The redirects for individual pages must be listed before the non-www/www redirect otherwise you introduce an unwanted multiple step redirection chain for some requests.


It's unclear whether you want a redirect or a rewrite for your vanity URL requests. Several people have suggested using a rewrite. Unless the new URL is going to be the only URL that will directly access the content and immediately see it with status 200 OK, using a rewrite introduces a duplicate content problem. If you want requests for the vanity URL to be redirected to the real URL and see that fact reflected in the browser address bar, then (unusually) a redirect is the way to go.

I often program a set of redirects for common URLs that people might guess, redirecting the request to the real page. This includes stuff like /about /contact /location /map /sale /offers and various keywords. These are common "hackable URLs".

One example of this type of redirect is the one for
bt.com/phonebook - is that sort of what you want?
GotToGetItRight




msg:4487127
 8:48 am on Aug 22, 2012 (gmt 0)

Lots to think about here, thanks all for your comments.

lucy24, thanks for making the point about the importance of the order that I put things, I'll sort that out. Also, I'm a bit confused about the exact meanings and differences between redirects and rewrites - I'll do some research on this. I've read your "boilerplate" text, but I think what I'm looking for is much simpler than the scenario you're addressing there. To explain:

I want to be able to advertise a single page (whose real URL is example.com/webpage.html) as www.example.com/webpage, simply droipping the extension.
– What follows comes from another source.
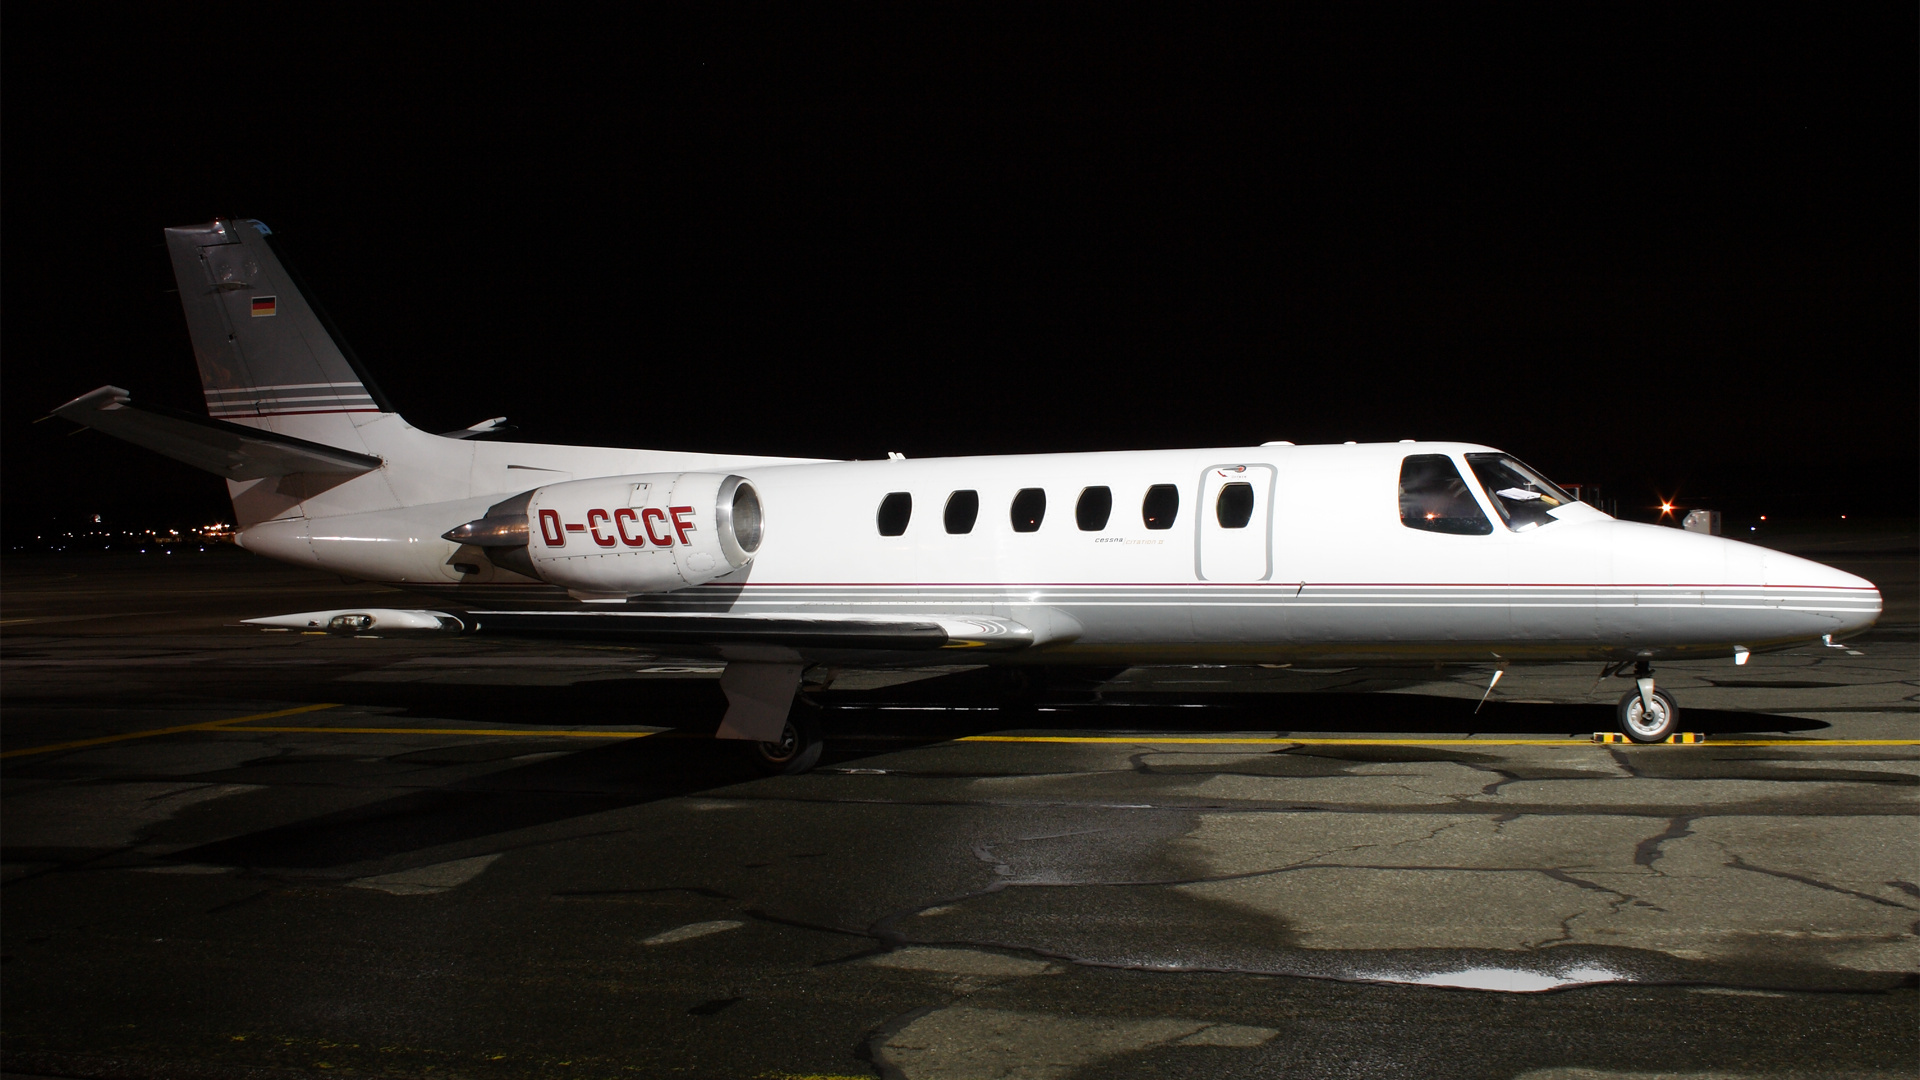 D-CCCF-2 C550 ESS 200801

I'm quite happy for the address bar to show the proper, full URL to the visitor when they get there.

g1smd, the bt.com/phonebook example you give is also more complex than I need.

I know the obvious thing is to advertise the URL including the extension, and I could do that, but
a) it doesn't look so good, and
b) this is a really good learning process for me, thanks to all for your help!

g1smd




msg:4487134
 9:04 am on Aug 22, 2012 (gmt 0)

The long term goal must be to move the entire site to extensionless URLs. In the meantime, adding redirects from short URLs is OK, but don't go overboard with a large number of these.

I'm quite happy for the address bar to show the proper, full URL to the visitor when they get there.

A redirect is what you want then.

the bt.com/phonebook example you give is also more complex than I need.

In what way? You ask for the URL
bt.com/phonebook and are redirected to the real page with a much longer URL that you don't need to remember because you have a "short" URL that redirects to it.




The difference between rewrites and redirects is simple.

URLs are used "out there" on the web. Files are used "here" inside the server.

You have a file at /page.html

Ordinarily you would use the URL example.com/page.html to access it.

With a rewrite you can link to href="/page" and when example.com/page is requested, the request is rewritten to fetch the content from the file at /file.html without the browser address bar changing.

You can now access the page at two different URLs, both of which return "200 OK" status.

With a redirect, you ask for example.com/page and the browser is told to make a new request for a different URL. The browser address bar changes and the URL example.com/page.html is requested. The content of the file is then served with "200" OK status.

With the redirect there is no duplicate content because only one URL returns the content with "200 OK" status. The other URL returns "301 Moved".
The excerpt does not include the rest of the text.